Наставник помолчал. Потом спросил, понизив голос:
— Вы сожалеете о принятом решении?
Дани посмотрел на листок.
— Я ведь хотел получить рисунок, — он говорил тихо, но неуверенности в его голосе не было. — Я его получил.
— Хорошо, — куратор кивнул. — И Вы не вините себя за это?
— Нет, — голос Дани чуть дрогнул.
— Вы вините меня, не так ли?
Мальчик отвел глаза и промолчал.
— Что ж, это тоже правильно, — наставник был абсолютно спокоен, в его голосе звучало одобрение. — Я очень доволен Вами, Дани. Вы, правда, быстро учитесь.
Теперь Дани поднял на него глаза. Давно знакомое лицо казалось чужим. Суфи Гару, которого он совсем не знает…
— Суфи Гару, а у Вас лицо настоящее? Или это тоже маска?
Чего он ожидал? Что наставник обидится или рассердится? Но тот остался по-прежнему спокоен и холоден. Только во взгляде мелькнула тень… усталости? Печали?..
— Вам придется принимать трудные решения, придется жертвовать чем-то или кем-то… Приказывать кому-то проверить, насколько ядовит паук. Вы можете остаться милым и добрым, но тогда никто не станет слушаться Ваших приказов, и это будет плохо, очень плохо для Вас… Так что, если хотите сохранить то, что Вам дорого, — куратор выразительно посмотрел на рисунок. — Прячьте получше.
* * *
Вскоре весь Верхний Город узнал о случае в Центральном Театре. Во Флорес, разумеется, происшедшее обсуждалось всеми и на все лады. Но тех, кто сочувствовал бедолаге Анж Нуар, попавшему в весьма неприятную ситуацию, и возмущался поведением юного Дин-Хадара и его наставника, было совсем мало. Гораздо меньше, чем тех, кто ехидничал и злорадствовал в адрес Тысячеликого, радуясь его унижению. Что поделаешь, зависть и порожденные ею злые сплетни — неотъемлемая часть жизни богемы.
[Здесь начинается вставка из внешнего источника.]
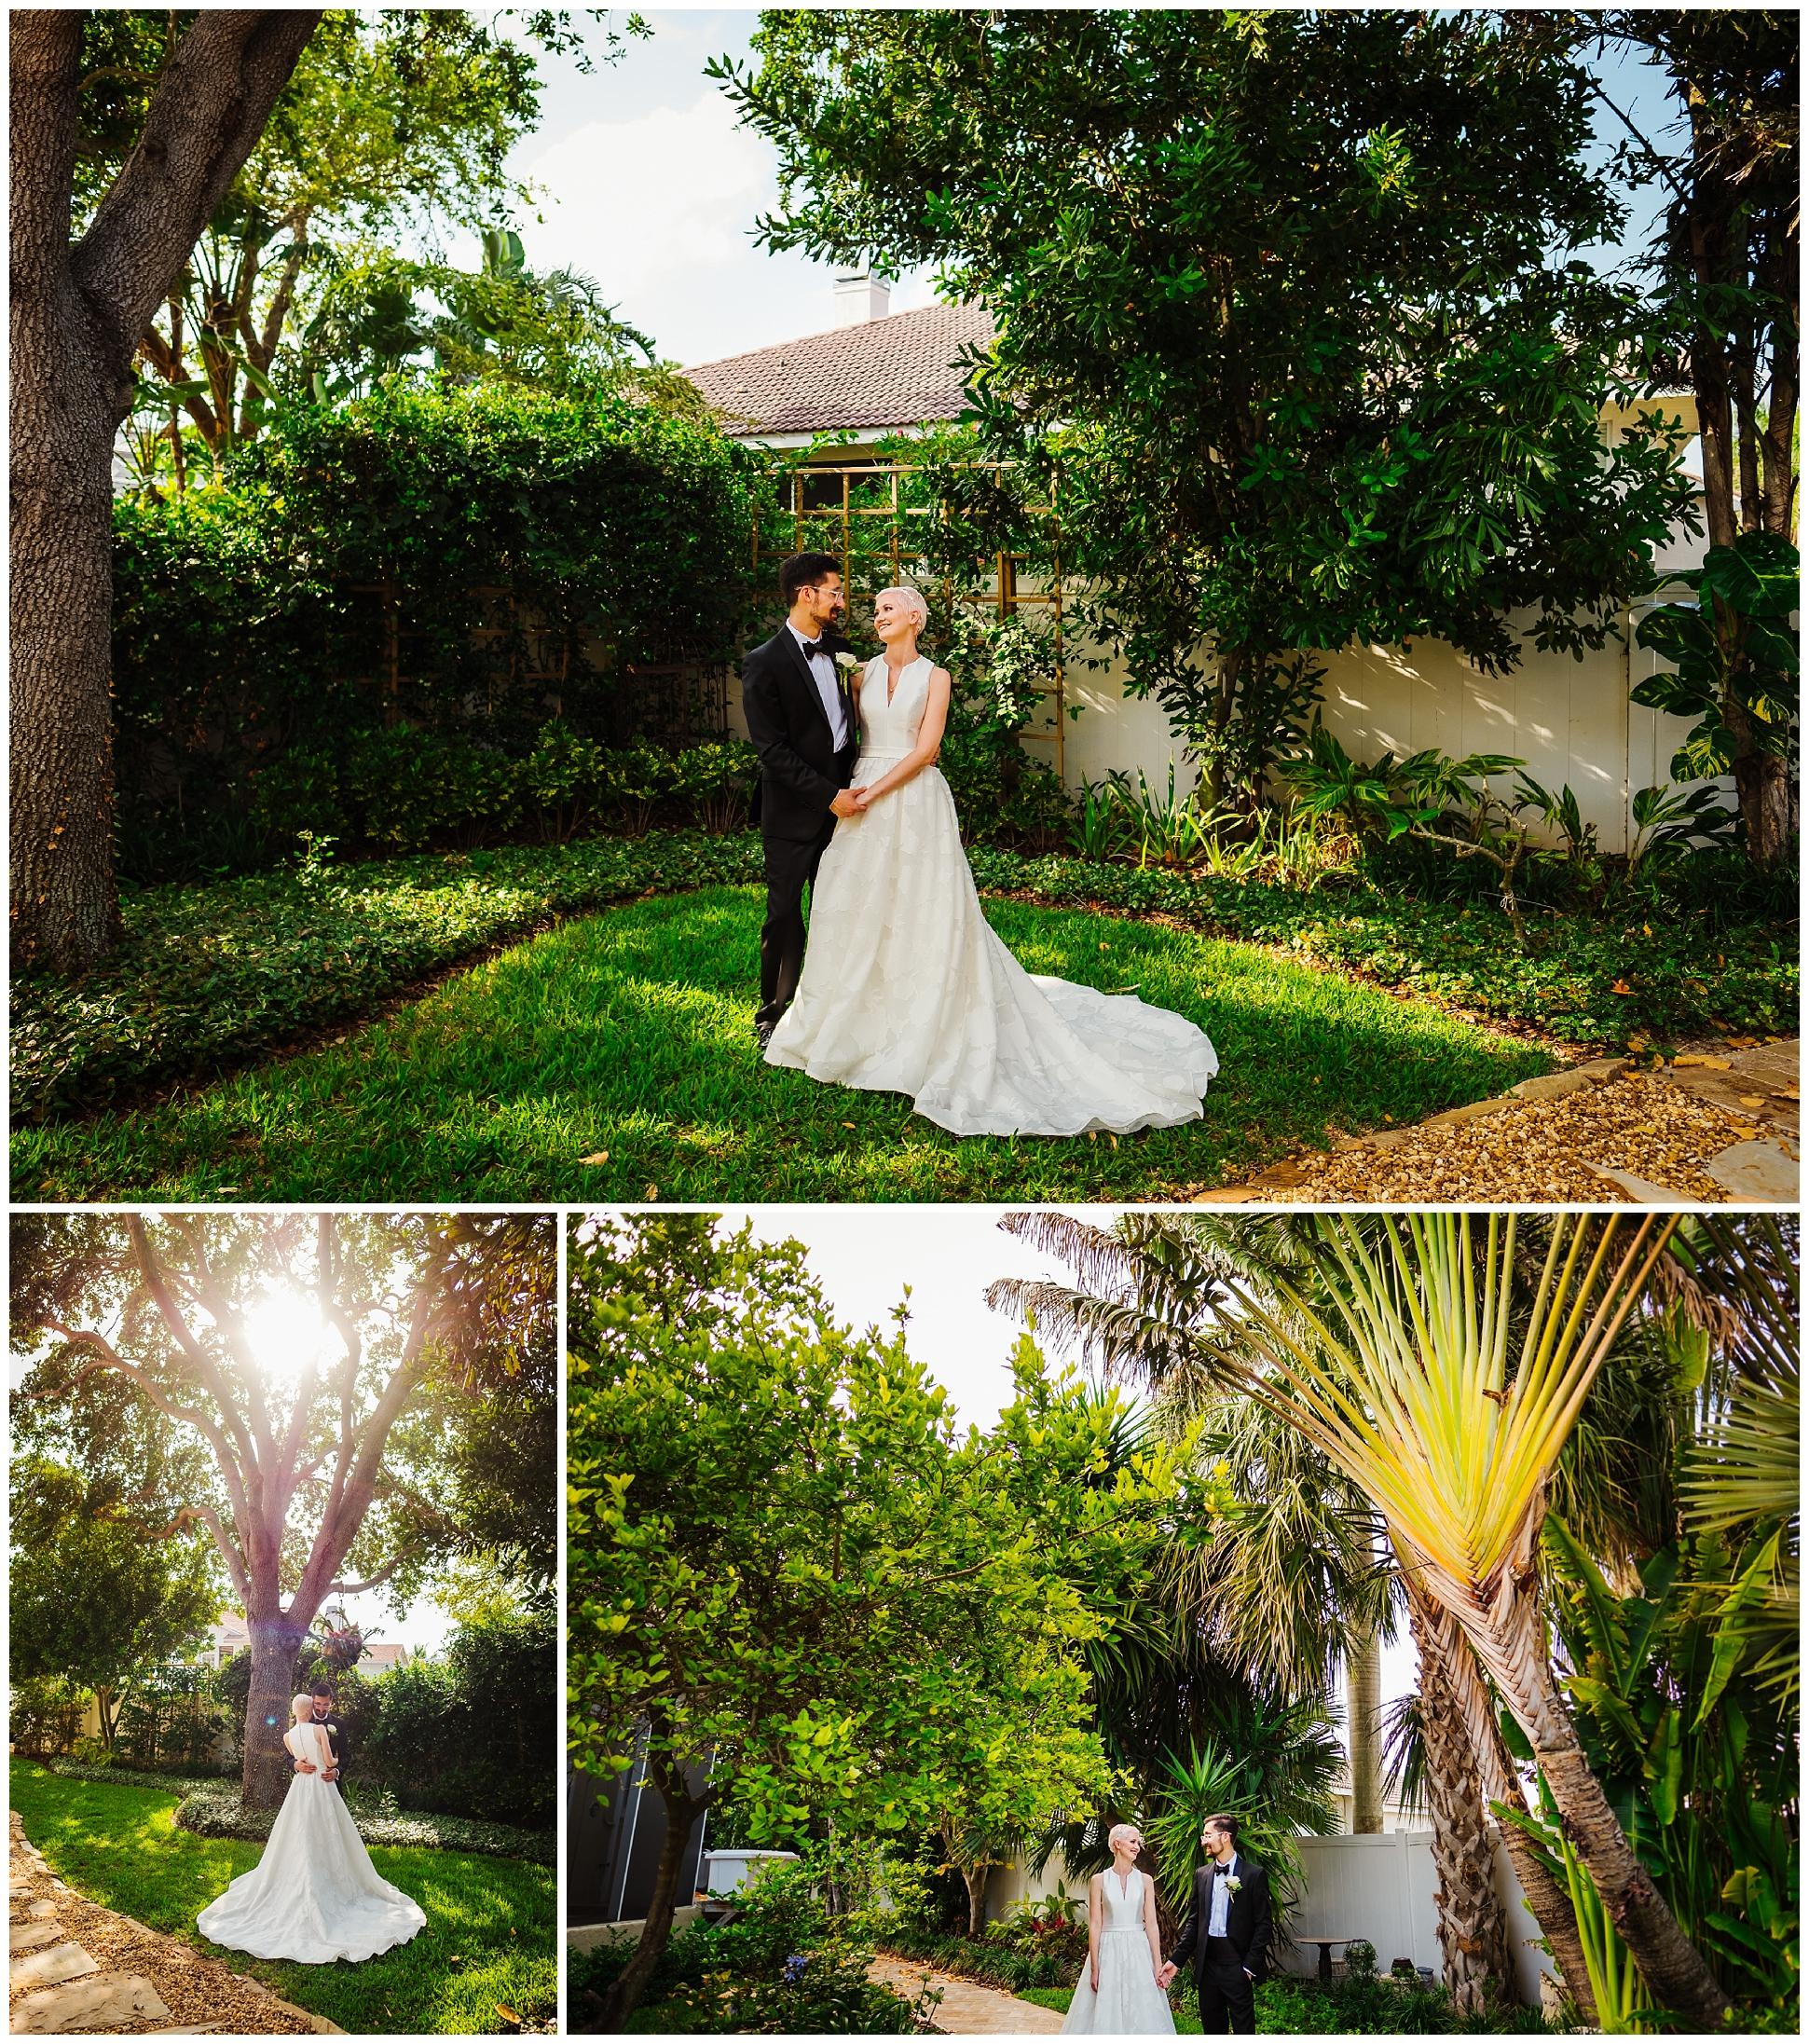 tierra-verde-st-pete-florida-home-luxury-wedding-greenery-pink-pixie-bride_0027.jpg

Что же касается обитателей Холма Софии — амиров и других достойных ученых мужей — многие из них вынуждены были признать, что Айгор Дин-Хадар выбрал для сына весьма умелого куратора.
… Сначала Дани хотел повесить рисунок в своей комнате. Но, подумав, положил в непрозрачную папку. А папку тщательно спрятал в ящик стола. На самое дно. Суфи Гару прав. То, что дорого… Чтобы сохранить… Чтобы не отобрали… Прятать, прятать получше. И самому спрятаться. Под маской. Но не такой, как у Анж Нуар — её легко сорвать, а такой, как у суфи Гару.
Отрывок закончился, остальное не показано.